In January 2021, the U.S. Department of Health and Human Services (HHS) released its Viral Hepatitis National Strategic Plan: A Roadmap to Elimination 2021-2025. The plan outlines objectives and strategies to aid stakeholders—researchers, policy makers, health care providers, advocacy groups, and patients—in working together to eliminate viral hepatitis as a public health threat in the U.S.
This series of one question blogs on viral hepatitis elimination explores what it will take to achieve the plan’s ultimate goal of eliminating viral hepatitis in the U.S. by 2030. Other blogs in the series include:
- Testing
- People Who Inject Drugs
Q: People who inject drugs (PWID) are disproportionately impacted by the viral hepatitis epidemic. Due to inefficient medical systems, counterproductive treatment restrictions, and stigma, this group of people faces significant barriers to prevention and care. HHS’ national plan calls out the goal of “increasing viral hepatitis prevention and treatment services for people who use drugs.” From your perspective as a viral hepatitis expert, what does the U.S. need to do to eliminate viral hepatitis by 2030 among PWID?
FEDERAL PERSPECTIVE:
When safe, effective cures for hepatitis C were cleared by the FDA I thought hundreds of thousands of lives would be saved.
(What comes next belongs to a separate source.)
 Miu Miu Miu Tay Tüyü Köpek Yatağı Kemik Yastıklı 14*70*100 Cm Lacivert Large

But, being approved does not mean easily available, and treatment access does not mean for everyone. Our nation can remove treatment restrictions, incorporate HCV testing and treatment as a core component of care for people who use drugs, and bring services to where people need them—syringe services programs, substance use treatment programs, community clinics, and correctional facilities. In the U.S., you should not have to jump over fences of bureaucracy and wend your way through swamps of paperwork to access lifesaving treatment.
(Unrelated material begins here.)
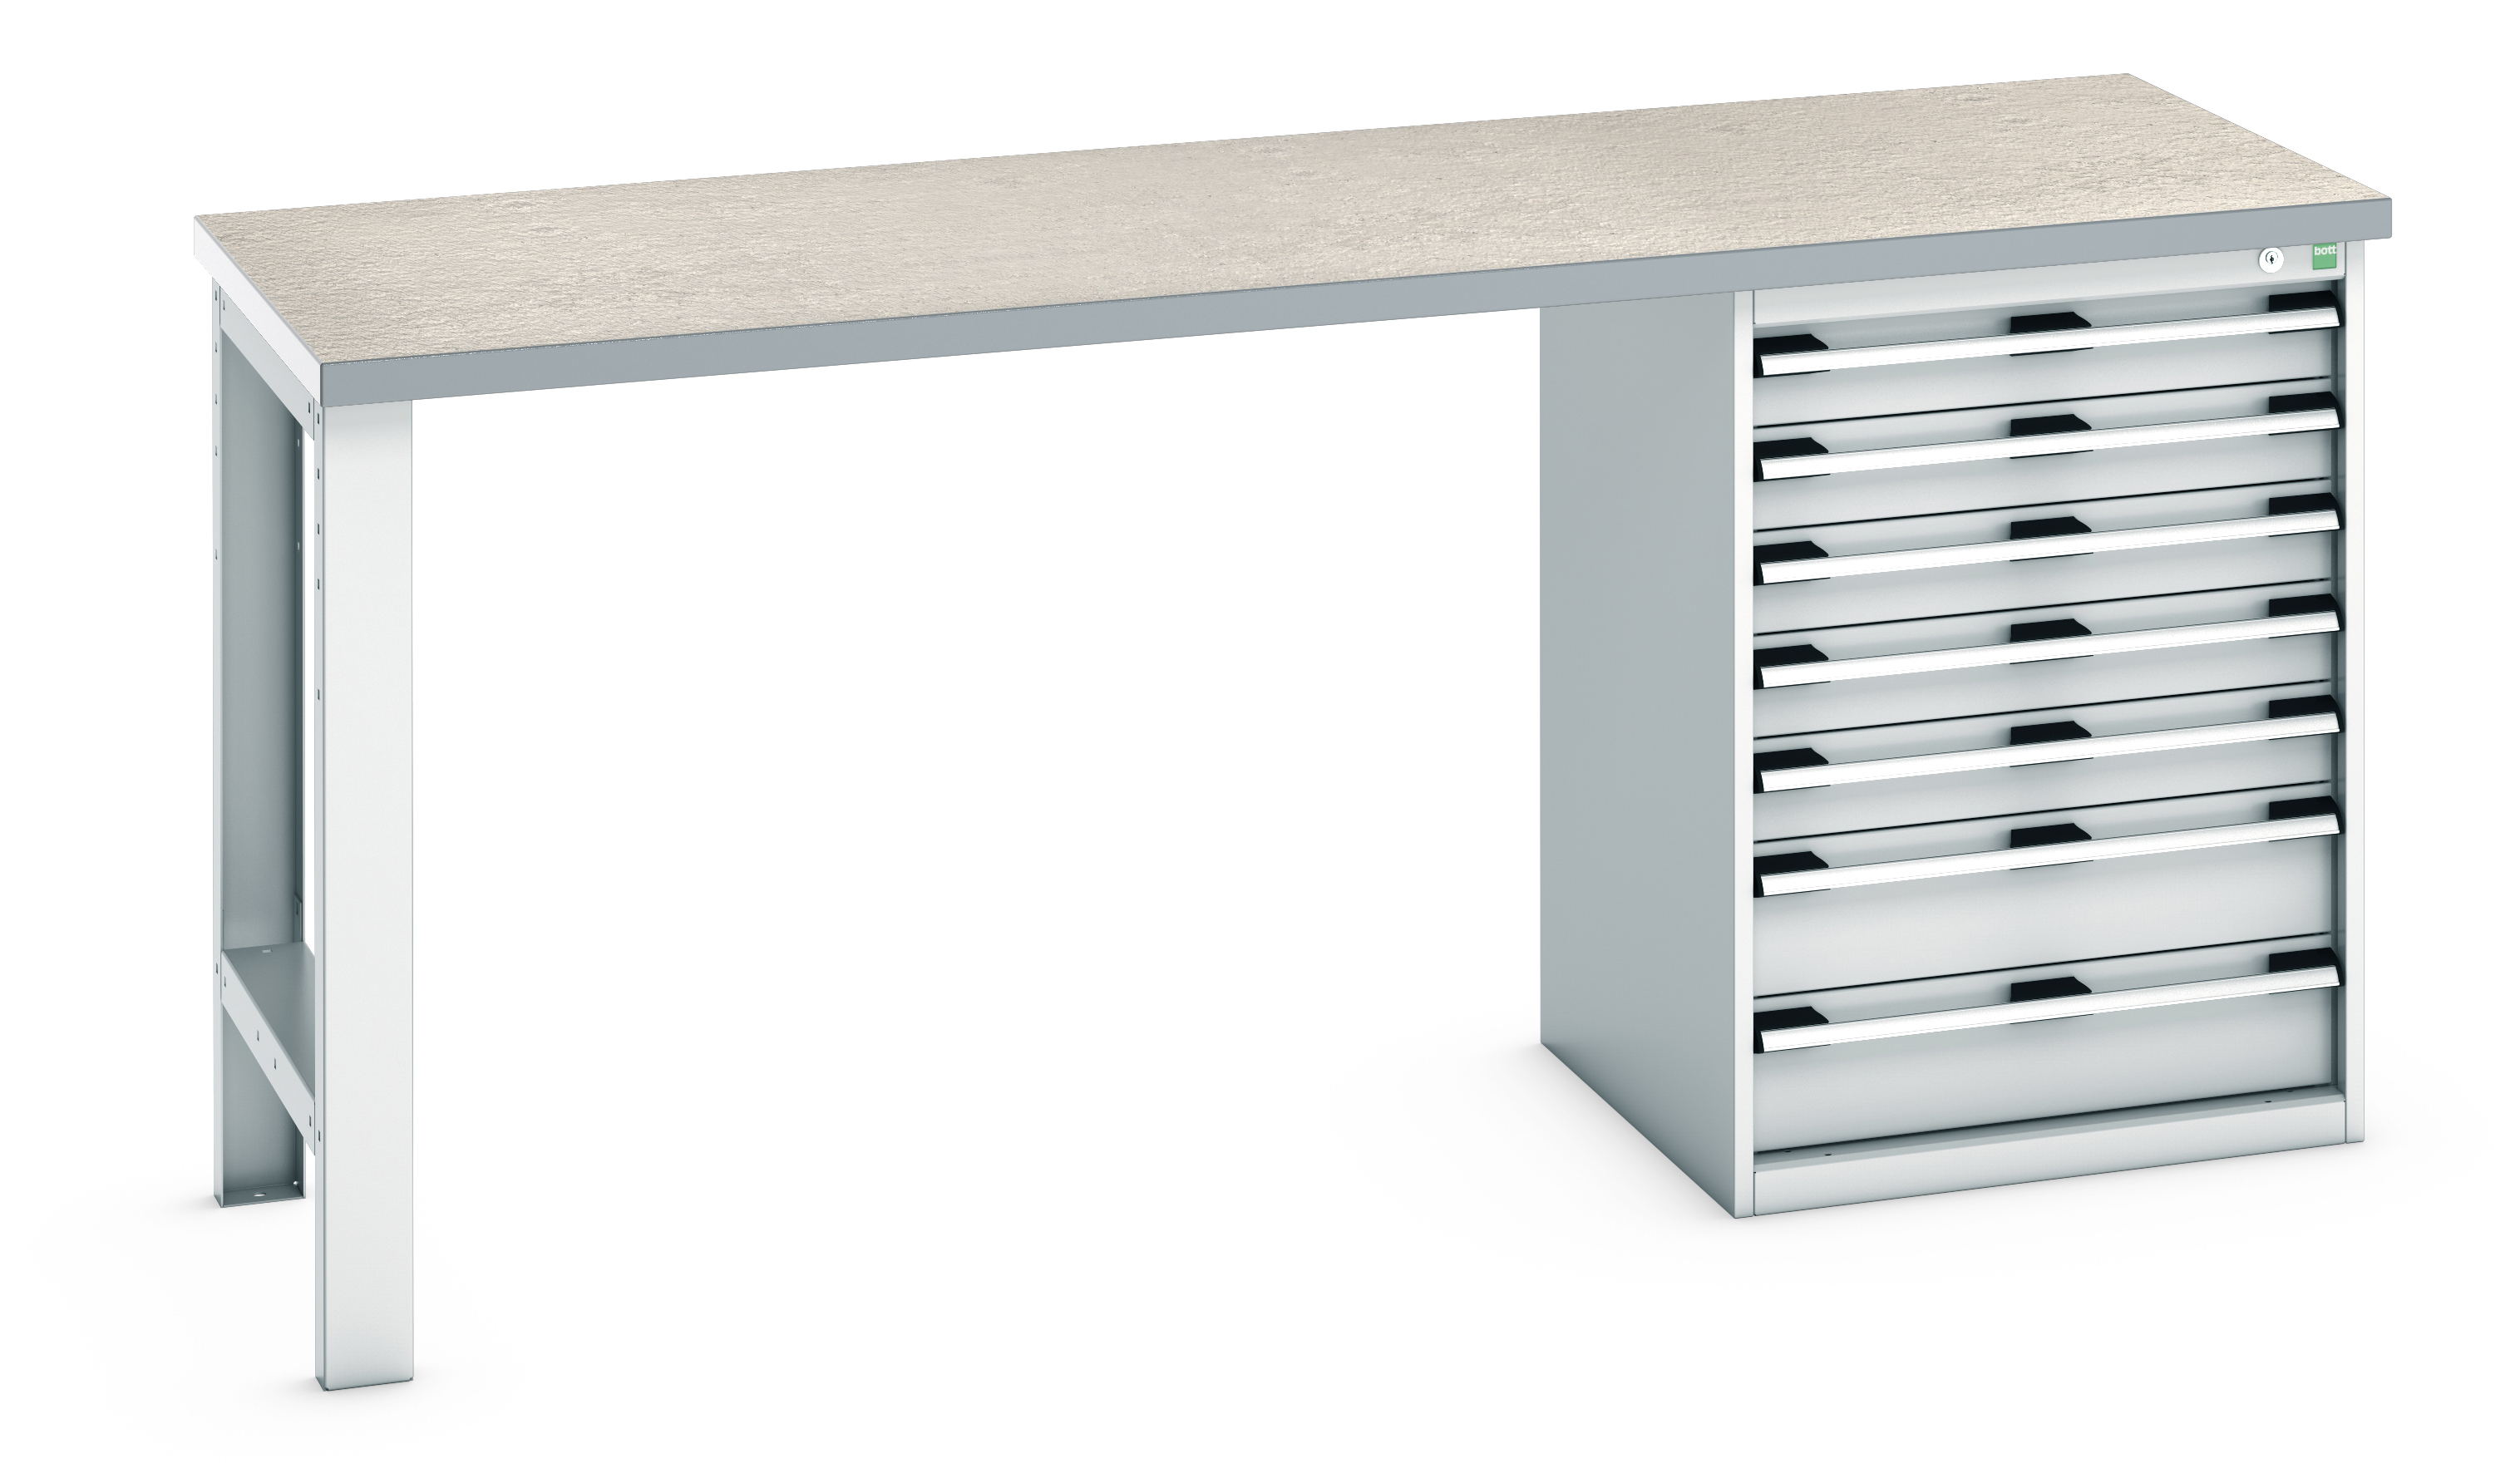 Bott Cubio Pedestal Bench With 7 Drawer Cabinet - 41004122.16V

STATE HEALTH DEPARTMENT PERSPECTIVE:
Given the impact of stigma and discrimination, people who use drugs may not be well served in traditional medical settings. We will never eliminate viral hepatitis if we do not resource low-barrier harm reduction-oriented vaccination, testing, linkage to care, and treatment services in settings people who use drugs already go and trust, places like syringe service programs and opioid treatment programs.
EPIDEMIOLOGIST PERSPECTIVE:
New data from my team suggest nearly 4 million Americans inject drugs, which is at least a 3-fold increase from 2011. Services need to be scaled up accordingly and urgently. We need to improve policies and increase resources for offering harm reduction services to people who inject drugs. Syringe services programs, including distribution of clean syringes and provision of HCV testing and treatment, prevent HCV and save lives.
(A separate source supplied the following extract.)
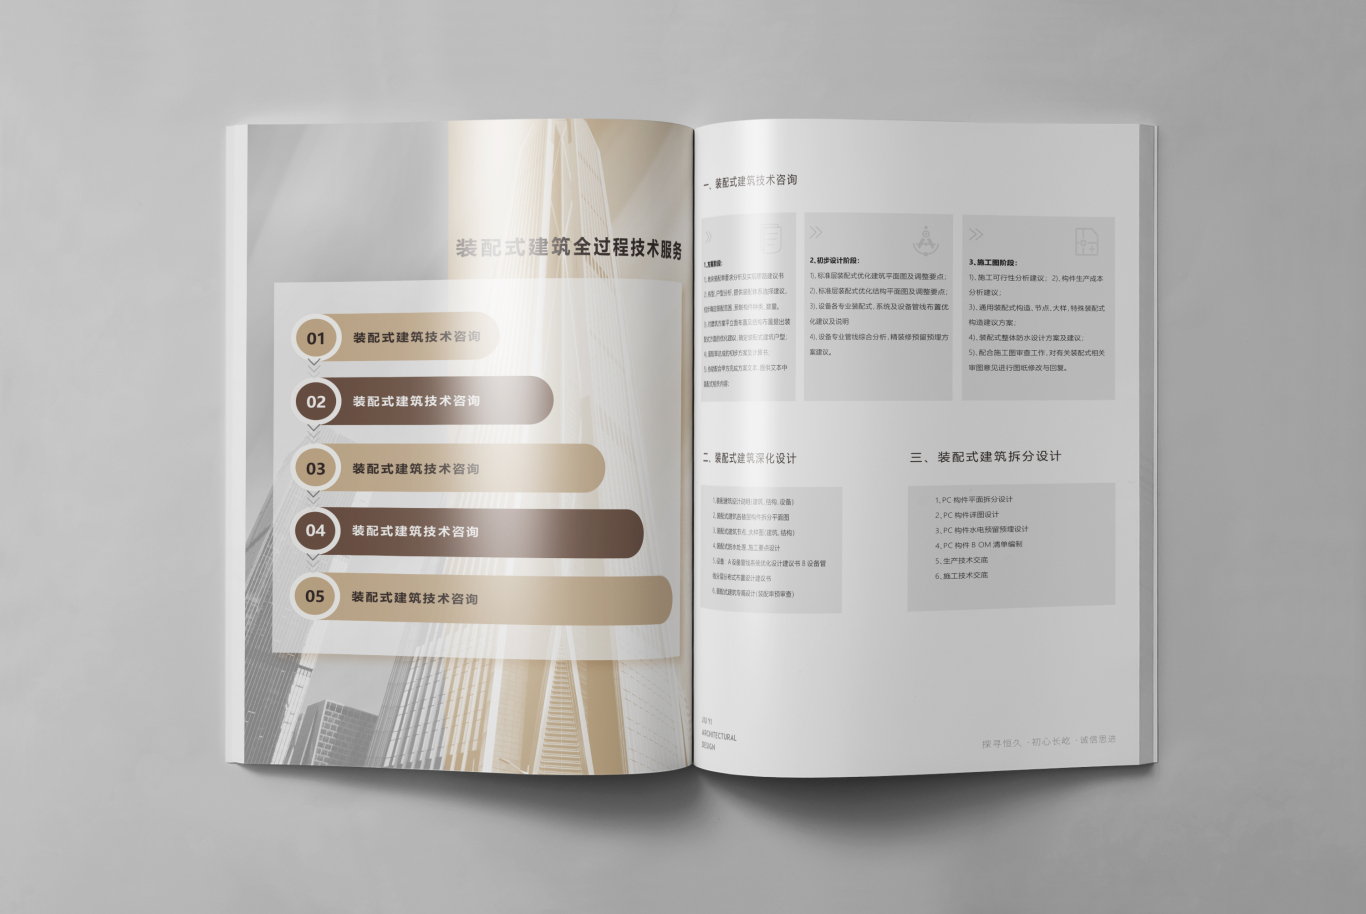 长沙玖屹建筑设计公司宣传画册设计图2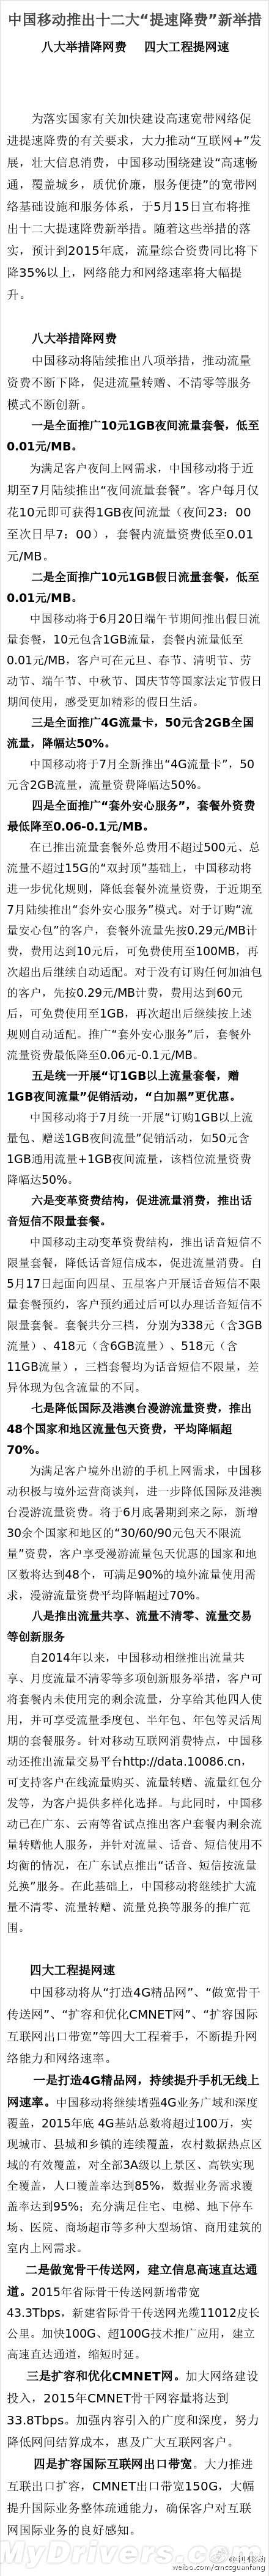 中国移动公布八大举措降手机网费12

ADVOCACY ORGANIZATION PERSPECTIVE:
After 25 years in harm reduction, I was recently asked what word comes to mind when I think about harm reduction today. My answer was the word “possibility”. Today we have the possibility, more than ever before, to ensure that harm reduction is infused into every aspect of the care continuum for a person who injects drugs, including the elimination of Hep C either through prevention or treatment options. Let’s make that possibility happen!